All Saints' Church
Swanton Morley
Article 6:
Thomas De Kynygham



Thomas is almost our first recorded rector (c.1306-1333) but, strangely enough, we do know quite a bit about him.

The international diplomat
Firstly, we know that he featured in a well-documented dispute between the friars in Cambridge and the University. This would not appear to be an unusual event because there was apparently an almost contemporary, and rather better known, quarrel between the friars and the University of Oxford. The quarrel in Cambridge began on 15th  November 1303 owing to certain new statements and amendments made to existing statutes, or customs, that were made by Stephen de Haselingfield, Chancellor of the University. What happened is not quite clear, but it was the definite refusal of the masters of the Friars Preachers (Dominicans) and Friars Minor (Franciscans) of Cambridge, Nicholas de Dale and Adam de Hoden, to swear to these statutes that eventually caused the case to be sent to Rome for a papal judgement.

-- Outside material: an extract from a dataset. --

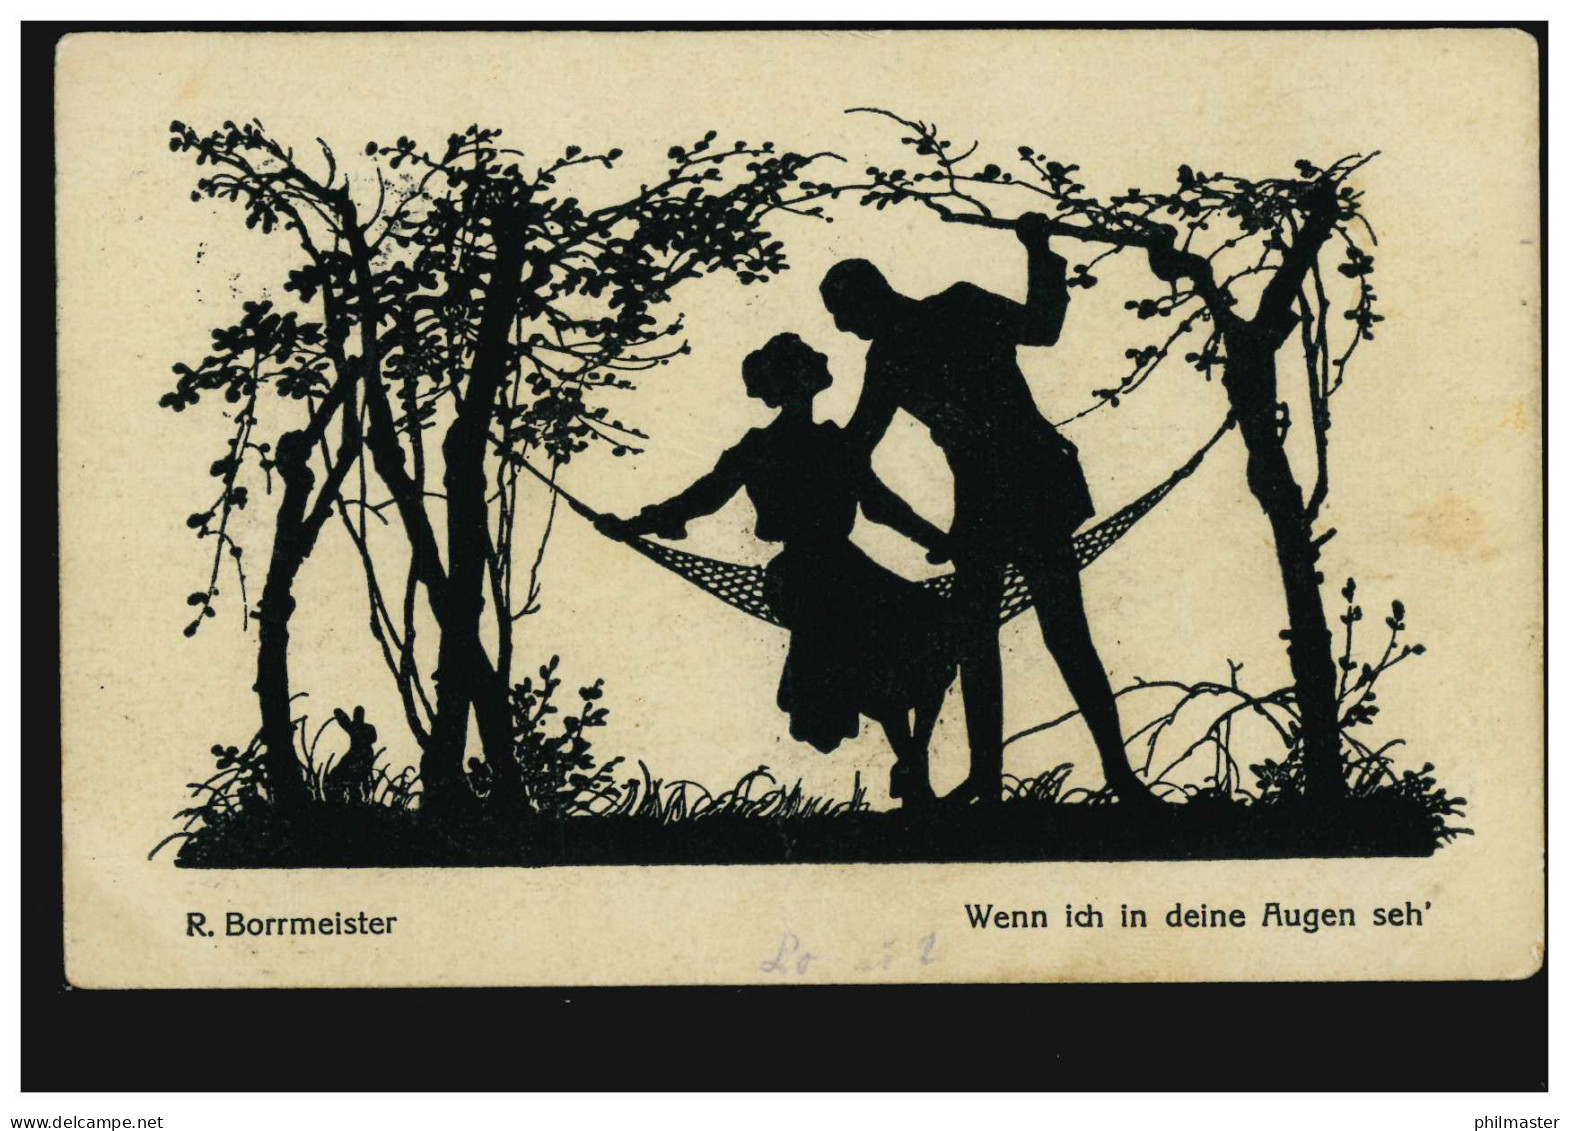 Scherenschnitt-AK R. Borrmeister Liebespaar - Wenn Ich In Deine Augen Seh', 1920 - Silhouettes

However, proceedings at the Roman Curia were delayed by the death of Pope Benedict XI in July 1304. This resulted in an interregnum which lasted until June 1305 when Pope Clement V was eventually elected. The Curia was then moved to Bordeaux. (In March 1309 the entire papal court moved to Avignon, where it remained until 1377.) Anyway, it was for this reason that the case was eventually tried in Bordeaux.

The university sent to Bordeaux as their representatives Stephen de Segrave, who was now the chancellor, and Thomas de Kynyngham,  “..rector ecclesie de Swanton Norwicensis dioceses…”, i.e rector of the church of Swanton in the diocese of Norwich. You may perhaps wonder why Thomas was chosen for this important task. However, those of you who read my first article in this series, which talked about William of Beverley, may remember that in the 14th century being rector of a parish didn’t mean that you had to live in the parish and take services there. The appointment was a sign of status and a source of income, but the rector usually appointed a vicar to look after the day-to-day running of the parish. So it is likely that Thomas, as well as being rector, also had some important appointment in Cambridge, possibly at the university.

The university appears to have known that it had a rather weak case and they were so eager for peace that they accepted as arbitrator Thomas de Jorz, despite the fact that he was not only cardinal priest of Santa Sabina the Dominican college in Rome, but had also previously been prior of the convent of Dominican friars at Oxford. Then, when Stephen and Thomas got to Bordeaux and presented themselves as the representatives of the university, the friars raised doubts as to whether they had full powers to treat and a mandate had to be sent for. All of this took time and put pressure on the university. As expected, the agreement was substantially in favour of the friars, but it was cleverly designed to save the face of the university.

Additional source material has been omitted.